Visiting “Edward Hopper’s New York” at the Whitney Museum of American Art is an exercise in time travel. You know a Hopper when you see it. His stark canvases are portals into another era, and another New York. They’ll make you nostalgic for the place where you live.  

The show is organized by the Whitney’s curator of drawings and prints, Kim Conaty, along with a senior curatorial assistant, Melinda Lang. On view until the fifth of March, it unfolds across a series of high-ceilinged rooms on the museum’s cavernous fifth floor, a distinctly celestial setting for a painter often figured as a laureate of despair.

Hopper was born in 1884 on the banks of the Hudson River at Nyack, at that time a hub of the yacht-building trade. His family encouraged his art, and he showed a precocity that brought him to the New York School of Art and Design, where he read Ralph Waldo Emerson and studied Édouard Manet and Edgar Degas. He loved Rembrandt, while claiming to ignore Pablo Picasso. 

In his early 20s, Hopper went to work for an advertising agency, where he illustrated the covers of trade magazines. “Hopper’s New York” has a rich selection of this early work, which is jazzy and eye-catching, though Hopper hated the commercial imperative. Untouched by avant-garde currents from the Continent, he began to work in etchings and illustration.

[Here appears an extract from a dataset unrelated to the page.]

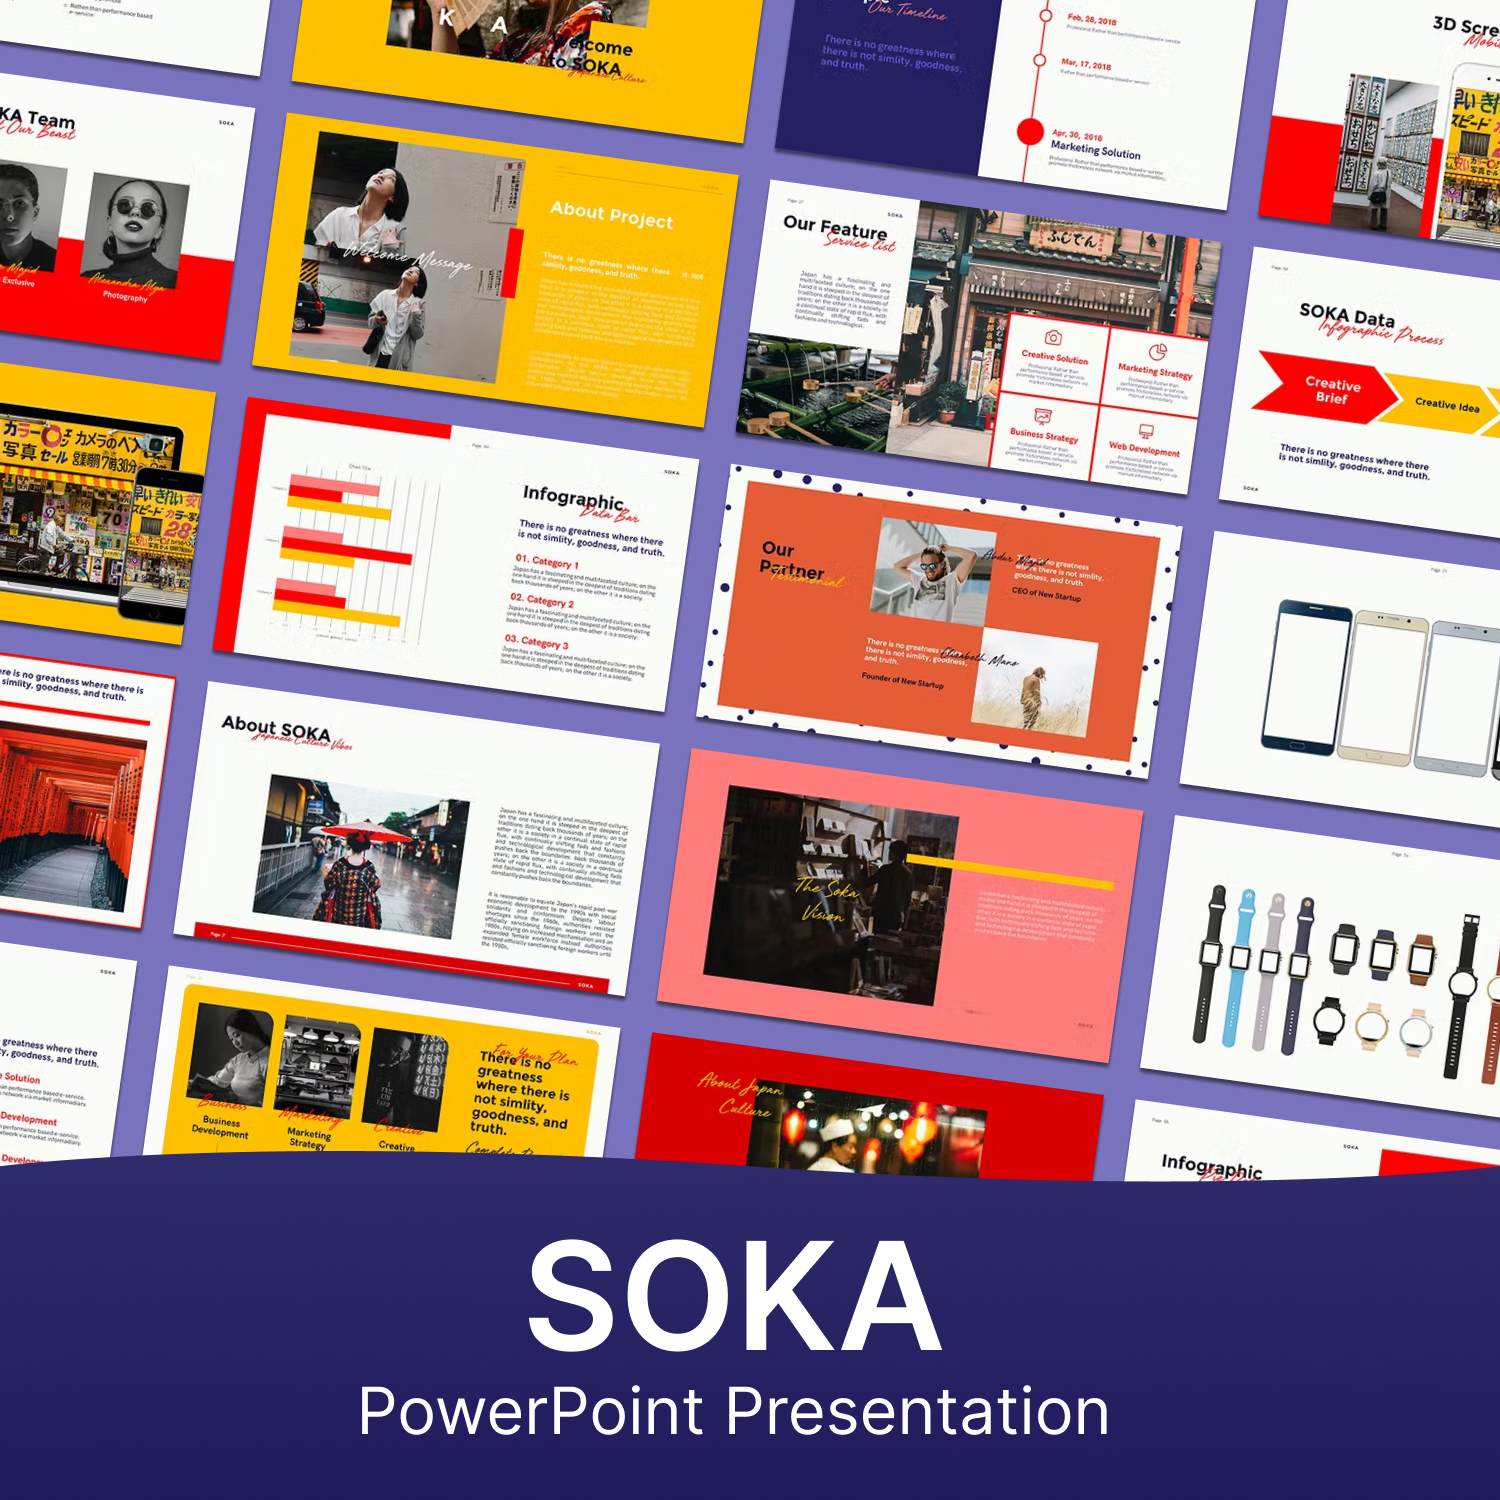 Soka powerpoint presentation - main image preview.

His breakthrough came with marriage to another artist, Josephine Nivison. It was in his early 40s that the art machers at the Whitney and the Metropolitan Museum of Art began to pay heed to his canvases. Hopper was never garrulous when it came to making the case for his own work. He was wont to dismiss inquiries by saying “the whole answer is there on the canvas.”

“Hopper’s New York” is full of invitations to linger in the twilight zones of Hopper’s imagination, which manages to be both straightforward and alluringly abstract. His style is a halfway house between photographic realism and moody urban abstraction. It is not art that demands a specialist, but it is special art, intimate in the fashion that impersonal beauty can be. 

'Automat,' by Edward Hopper, 1927
‘Automat,’ 1927. Des Moines Center of Art via Wikimedia Commons

The show begins with a canvas from 1946, “Approaching a City.” The painting opens from the window of an above-ground train at 96th and Park Avenue, rumbling toward Grand Central Terminal. Yet the painting is generic. It is a meditation on a city, not the city. Hopper would later reflect on “a certain fear and anxiety and a great visual interest in the things that one sees coming into a great city.”

Across his long life, as it turns out, Hopper was nothing if not a fixture of the urban landscape he painted to such great effect. For 54 years he lived and painted on the fourth floor of 3 Washington Square North. He waged long and grueling battles to fight off Greenwich Village’s sundry transformations, a master who was never a radical and a genius with no interest in bohemianism.  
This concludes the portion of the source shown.